Data Structures Rust Code Reading

This is an implementation of the “hash array mapped trie,” a purely functional hashmap. In an ordinary trie hashmap, the keys are stored as bitstrings in a trie, as follows:

   0
  / \
  1 0
/ \ / \
1 0 1 0 
| | | |
X F D E

This saves space compared to a traditional Hashmap, and it means resizings are never necessary.

The HAMT improves on this by instead storing in each node a table with N (32 with 32-bit words) entries, with each entry containing a pointer to another node. When traversing or inserting a key, you consider the most significant T=log_2(N)=5 bits of the hash; this indexes to either a submap, a value, or nil. It starts out as a value, then a submap is added when a new hash collides with an existing one. This submap then behaves like the root map, but with the next 5 bits of the hash as a key. With T=2:

00 01 10 11
|   |  |  |
|   G     O
|
00 01 10 11
|  |  |  |
E     D

This means that lookup time is reduced to log_N(n) from log_2(n), without taking up much additional space.

Another note: to save space in the tables, only the keys that point to actual values or nodes are represented. This is done by adding an N-bit bitmap to each node, with the ith bit representing whether that pointer is nil. Then, the index into the table is found by calculating the hamming weight (number of 1s) in the first i bits of the bitmap, where i is also the T-bit key into the subtable.

// Modified above example
bitmap: 1101
0 1 2
| | |
| G O
|
...

This means that the table must be resized every time a new key is inserted. Still, the immutable version is significantly slower than the equivalent mutable version, by a factor of about 10 with 1000 inserts.

test hashmap_insert_10         ... bench:       5,991 ns/iter (+/- 185)
test hashmap_insert_100        ... bench:     197,136 ns/iter (+/- 9,000)
test hashmap_insert_1000       ... bench:   2,990,670 ns/iter (+/- 133,638)
test hashmap_insert_mut_10     ... bench:       1,961 ns/iter (+/- 191)
test hashmap_insert_mut_100    ... bench:      29,460 ns/iter (+/- 2,971)
test hashmap_insert_mut_1000   ... bench:     305,106 ns/iter (+/- 17,927)

100 Prisoners

03 May 2018 Article

Probability

The 100 prisoners problem is a probability thought exercise with an unintuitive solution, kind of like the Monty-Hall problem. The setup is this: there are 100 numbers in drawers, each corresponding to one of 100 prisoners. Each prisoner is allowed to pick 50 drawers, but the drawers are reset after each prisoner makes their choice (and there’s no communication between prisoners). The goal is for each prisoner to find their number – if that happens, they escape their sentence.

The naive solution is to pick the 50 drawers at random, giving each prisoner a 50% chance of success (and a vanishingly small chance – .50^100 – for all 100 prisoners to pick the correct number). But there’s a strategy that drastically improves the odds of success, bringing it to ~30%.
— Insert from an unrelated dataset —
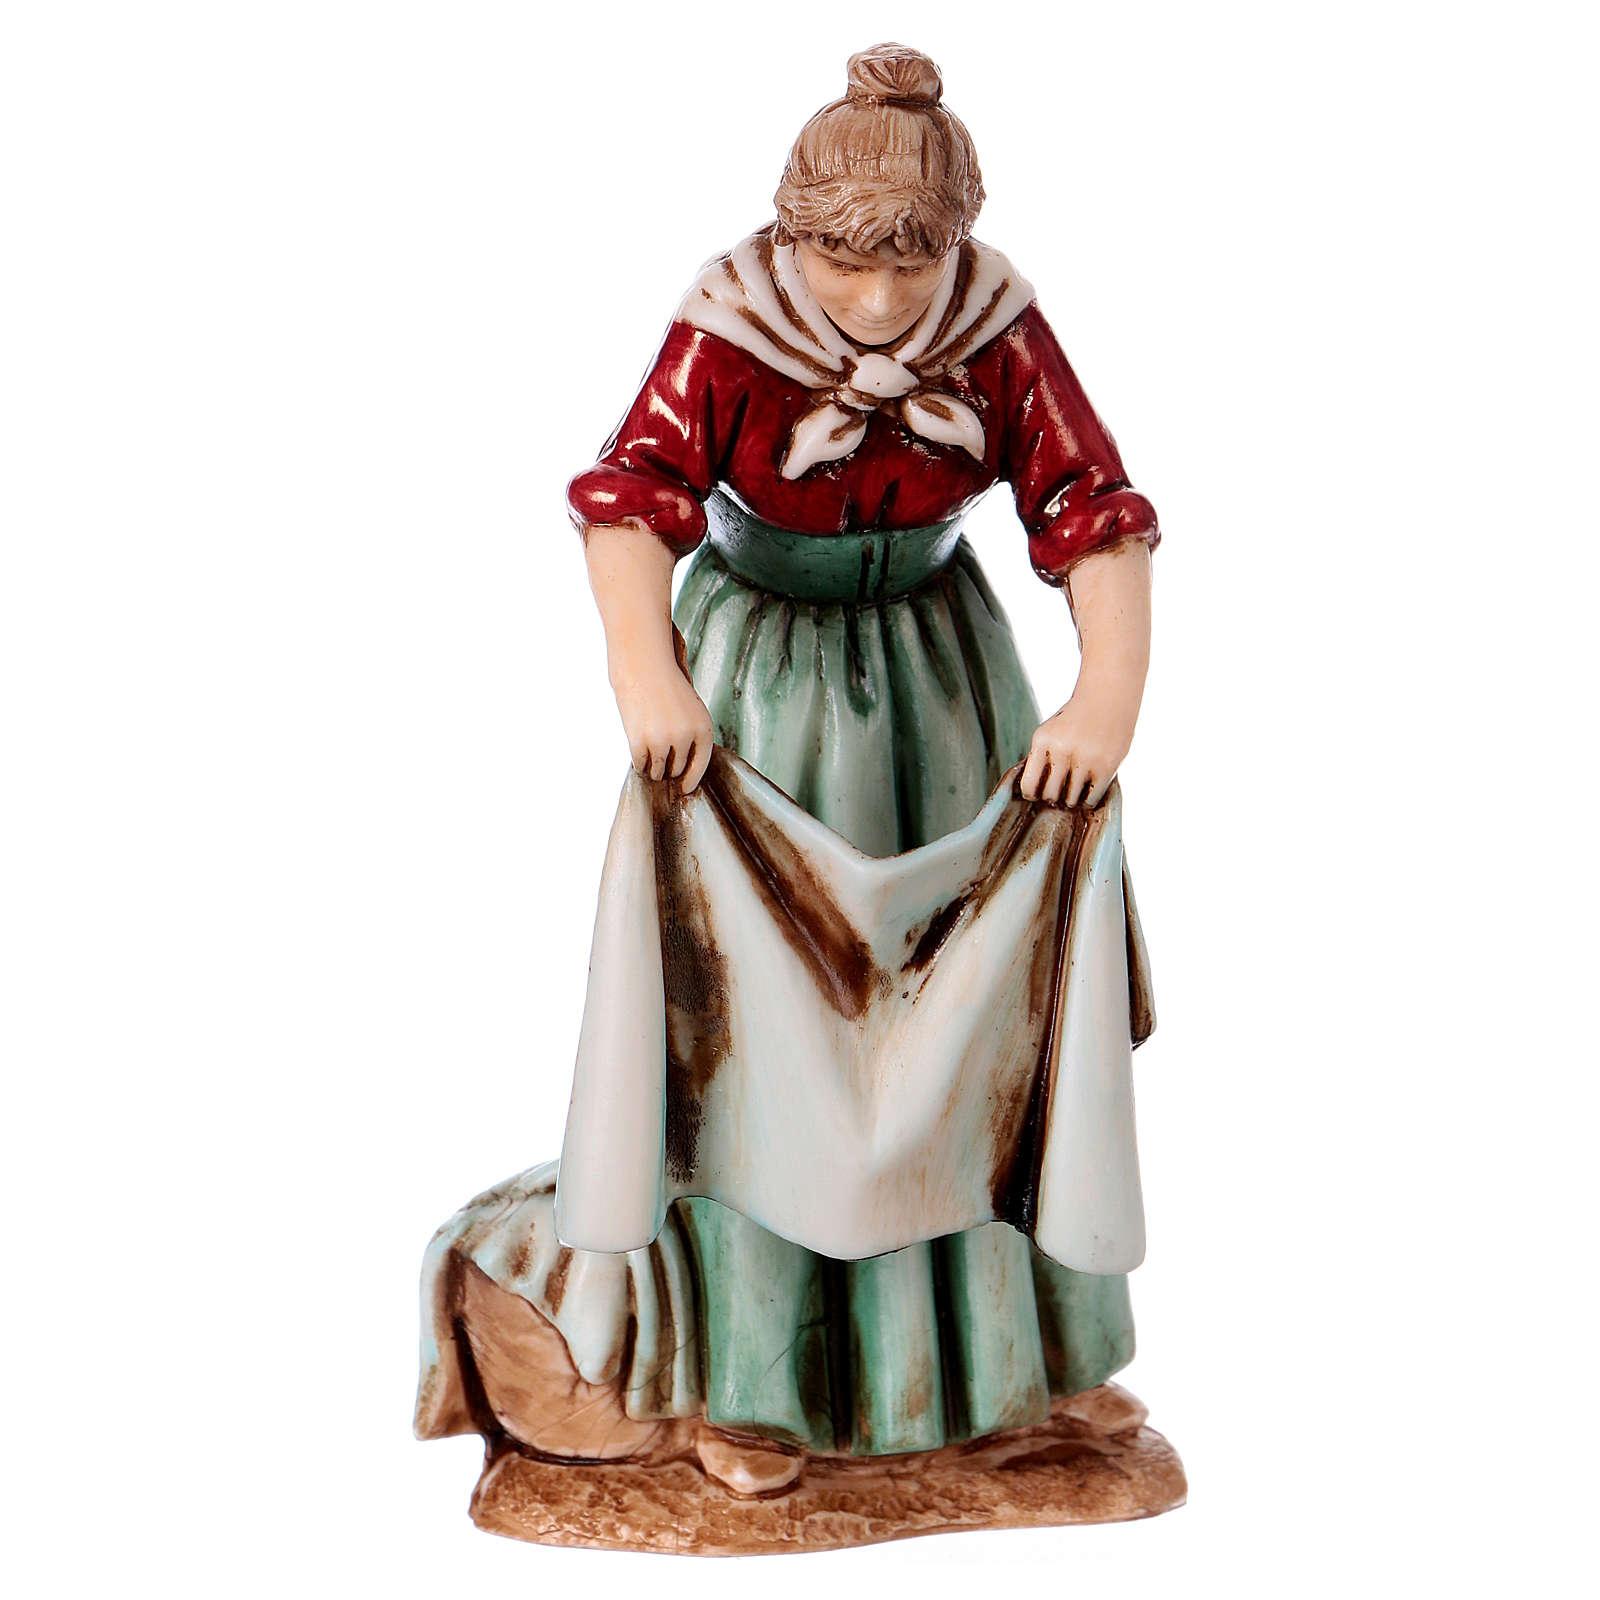 Personajes asomados 3 figuras belén 10 cm de altura media Moranduzzo estilo 700 4

This strategy does not appear much different from the naive one, but it relies on the hidden correlation between success and failure in the permutation cycles to shape the search space. Namely, the prisoners want to search a set that’s as different as possible from everyone else’s – since they know the world where they succeed is one in which they all pick different boxes.

The the Monty Hall-inspired analogy on the Wikipedia page gives a good explanation of this. Essentially, the contestants choose doors (over two rounds) in a way that they’re never picking the same door in the same round.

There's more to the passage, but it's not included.